Gold prices moved lower in Asia this morning down nearly 0.5% to the low of $1531.25 an ounce and recovered to currently trade marginally flat around $1536.61 below the high of $1538.17. As for silver, the metal returned higher and rebounded to trade bullishly around $41.85 off early Asian lows at $40.50 and currently around the highs for the day.
The heavy volatility is evident on metals and the decline was surely to be seen as the rally loses momentum and the correction was needed. The geopolitical changes and the economic conditions across the market have also added to the volatility with the concentration shifting over night from interest rate bets and hawkishness to slowing growth and haven dollar demand.
Metals moved higher as the dollar fell of Asian highs allowing the metals to reverse the losses.

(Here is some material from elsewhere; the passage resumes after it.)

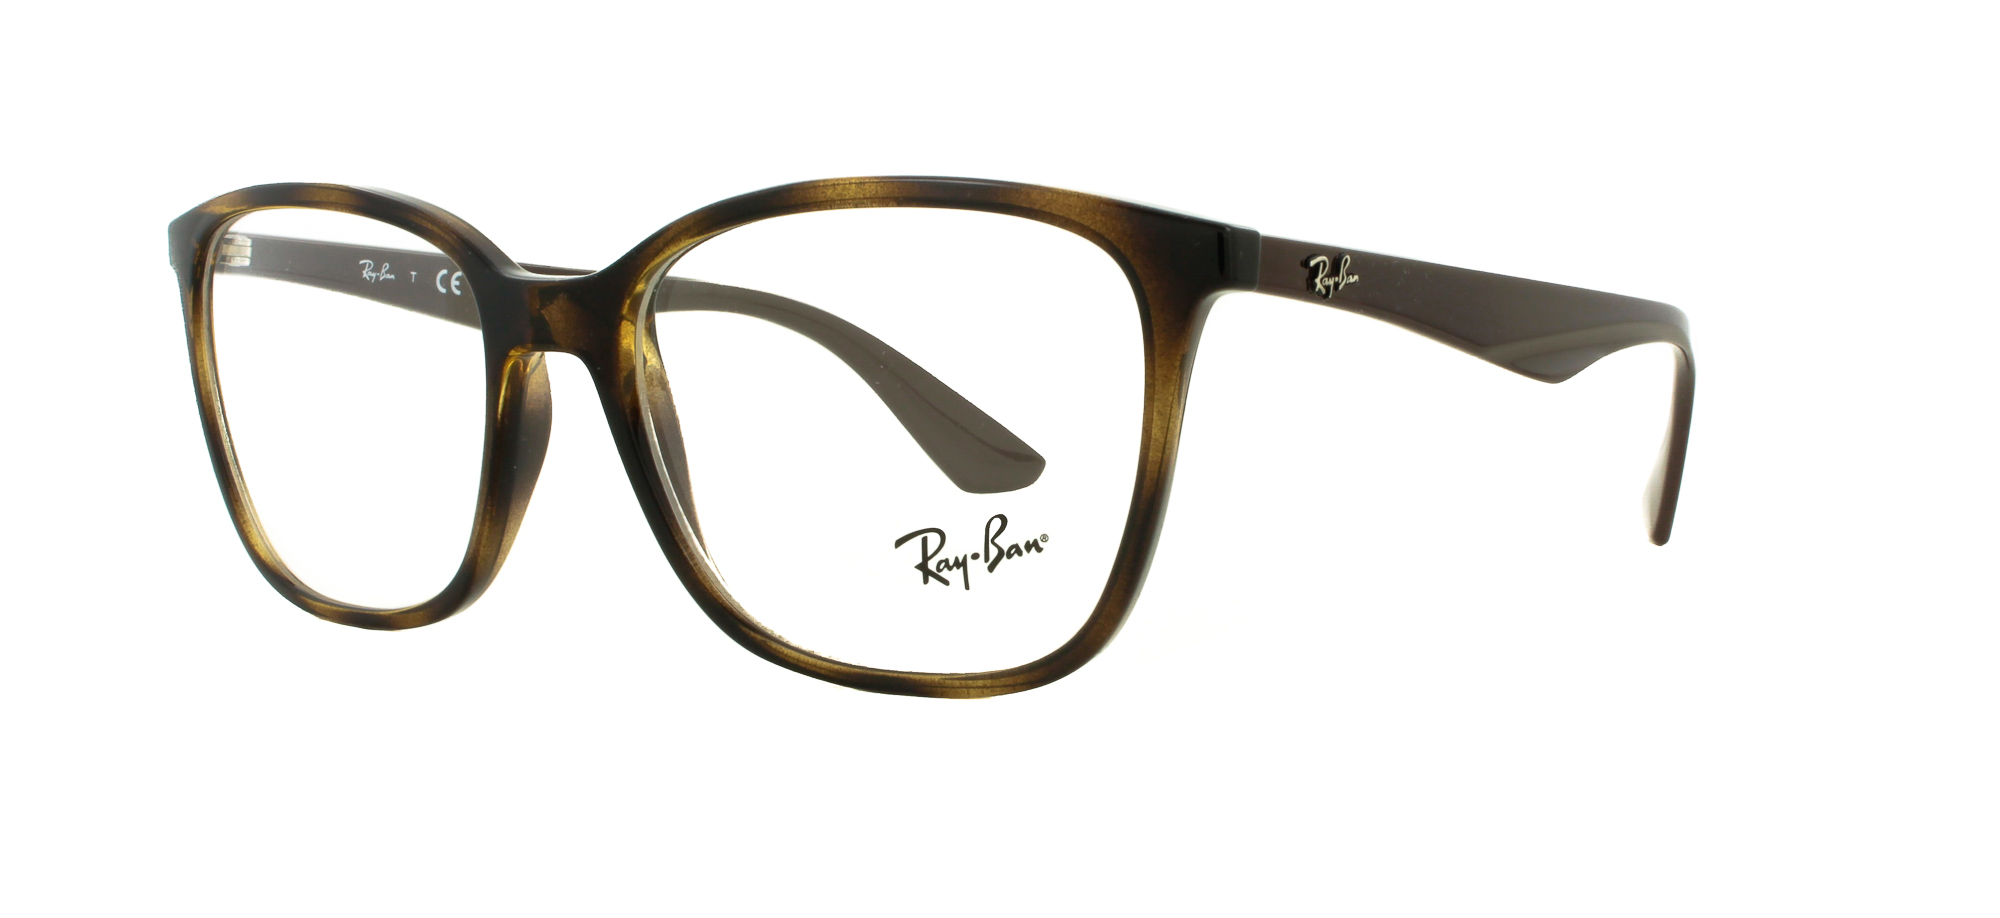 Ray Ban 7066 Eyeglasses

The dollar index is trading around 73 areas at this time off highs at 73.29 and marginally around its lows for now.
Silver declined heavily and the profit taking was heavy on the metal, merely inline with its rapid and extensive rally. The CME change of deposit requirements for speculation on the metal extended the profit taking and forced it to drag gold down with it.
Nevertheless, the broad factors still support the upside move for the metals and especially gold with uncertainty, geopolitical tension, debt woes, and growth fears where all combined with a weak dollar which shall keep haven demand on the metal steady. The metal fell about 3.0% from the record set with the start of the week at $1575.62 an ounce reflecting the consolidation of gains for the shiny yellow.
We can see the hawkish sentiment for central banks keeping gold demand as a good haven, where Asian equities declined today on concerns over further Chinese monetary tightening, supporting our argument for the general bullishness for gold.
A strong flow of fundamentals is awaited today starting with the services sector performance from Europe to the US alongside the ADP employment change which will affect the dollar and the market strongly. The volatility might be seen yet we favor the correction for now for the metals to gather the needed bullish momentum to surge higher.